» **THE PROBLEM**
Copy down every line of the data that follows exactly. Omit the pictures.

» **DATA EXTRACT**
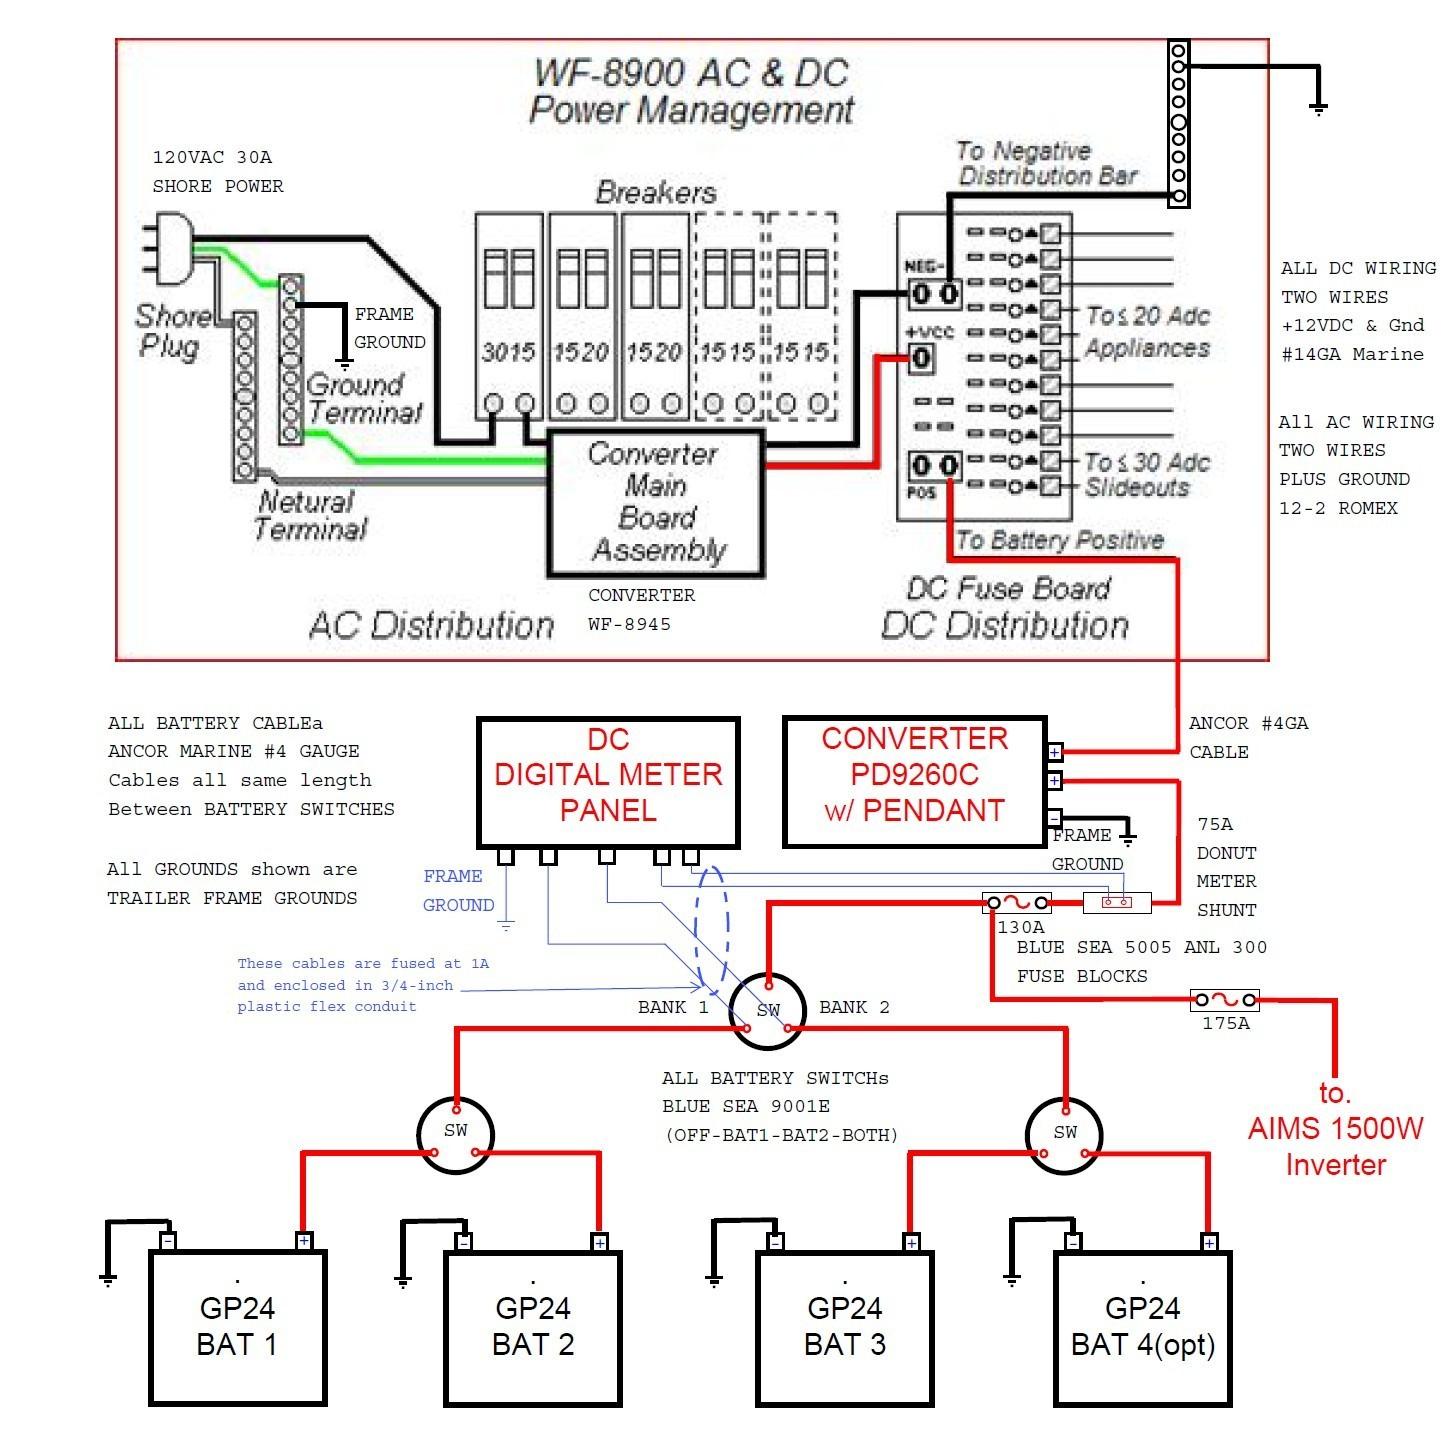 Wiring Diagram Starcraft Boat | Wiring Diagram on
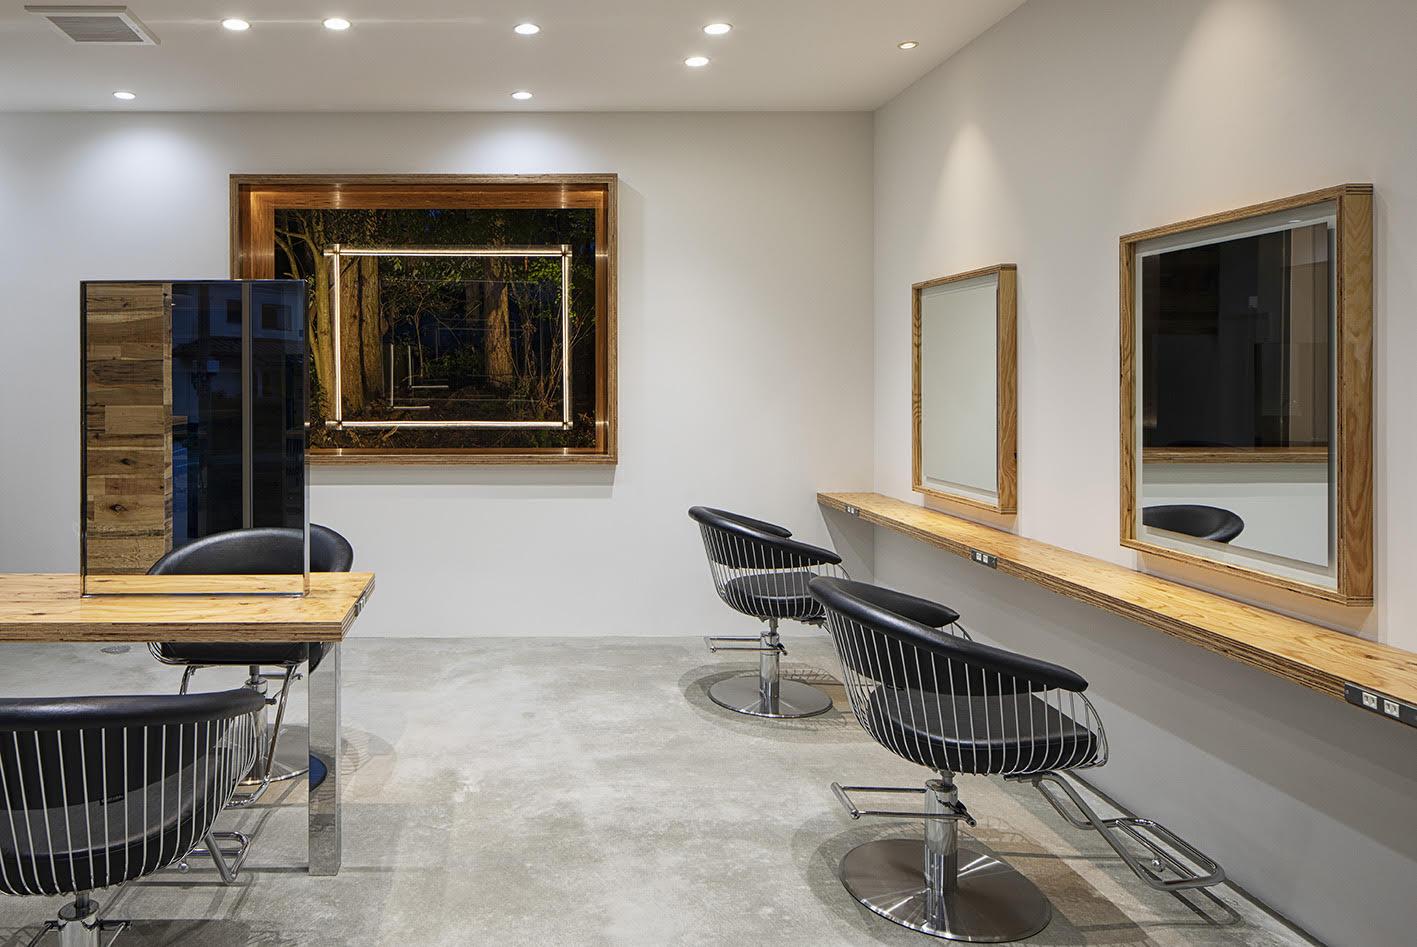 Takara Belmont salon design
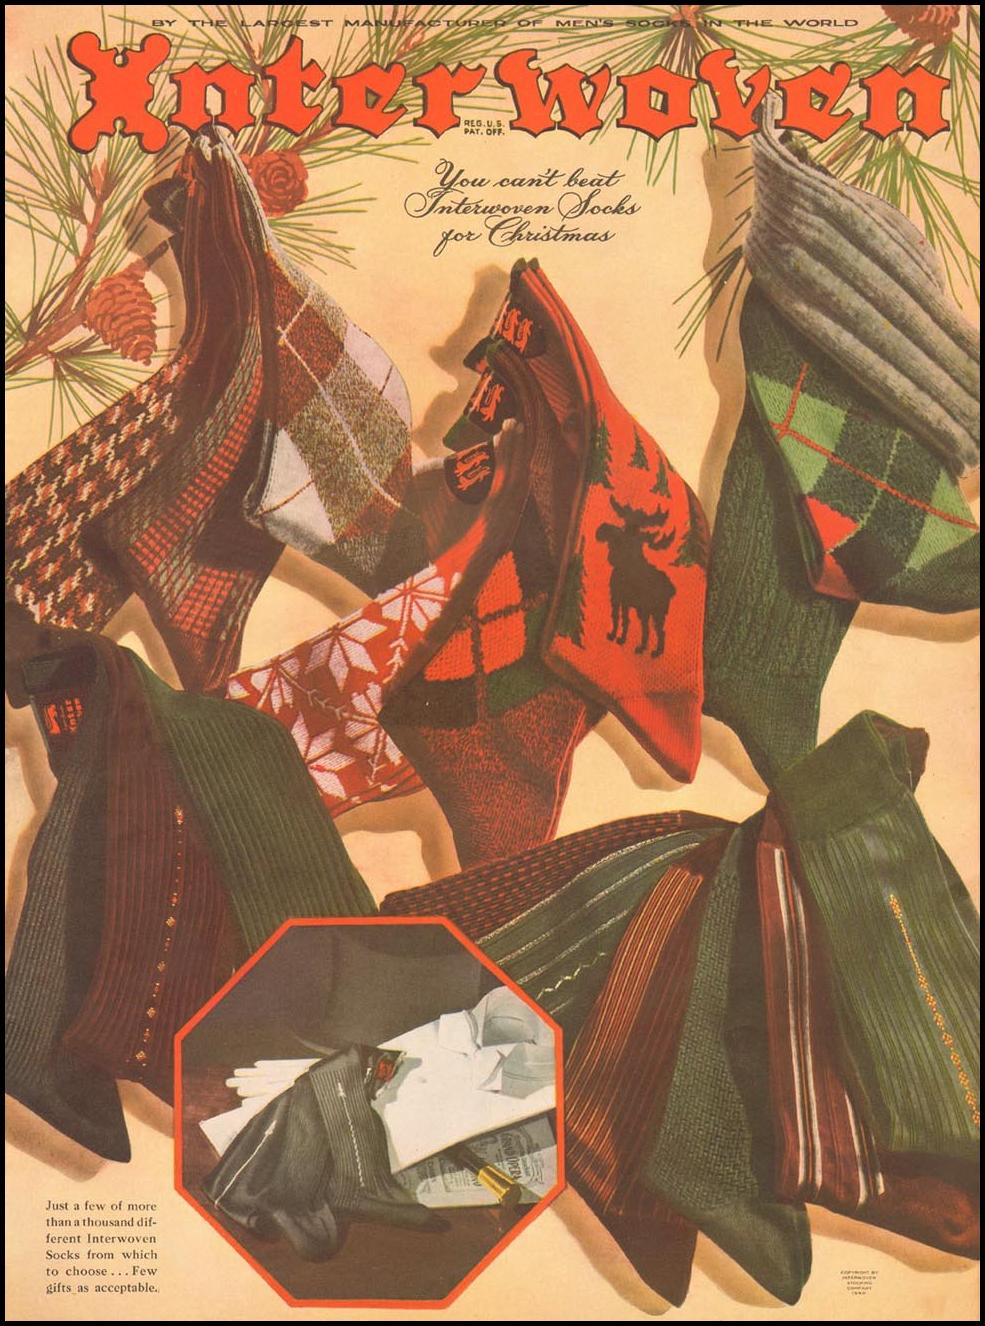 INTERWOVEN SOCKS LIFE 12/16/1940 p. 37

» **RESULT**
 Wiring Diagram Starcraft Boat | Wiring Diagram on
 Takara Belmont salon design
 INTERWOVEN SOCKS LIFE 12/16/1940 p. 37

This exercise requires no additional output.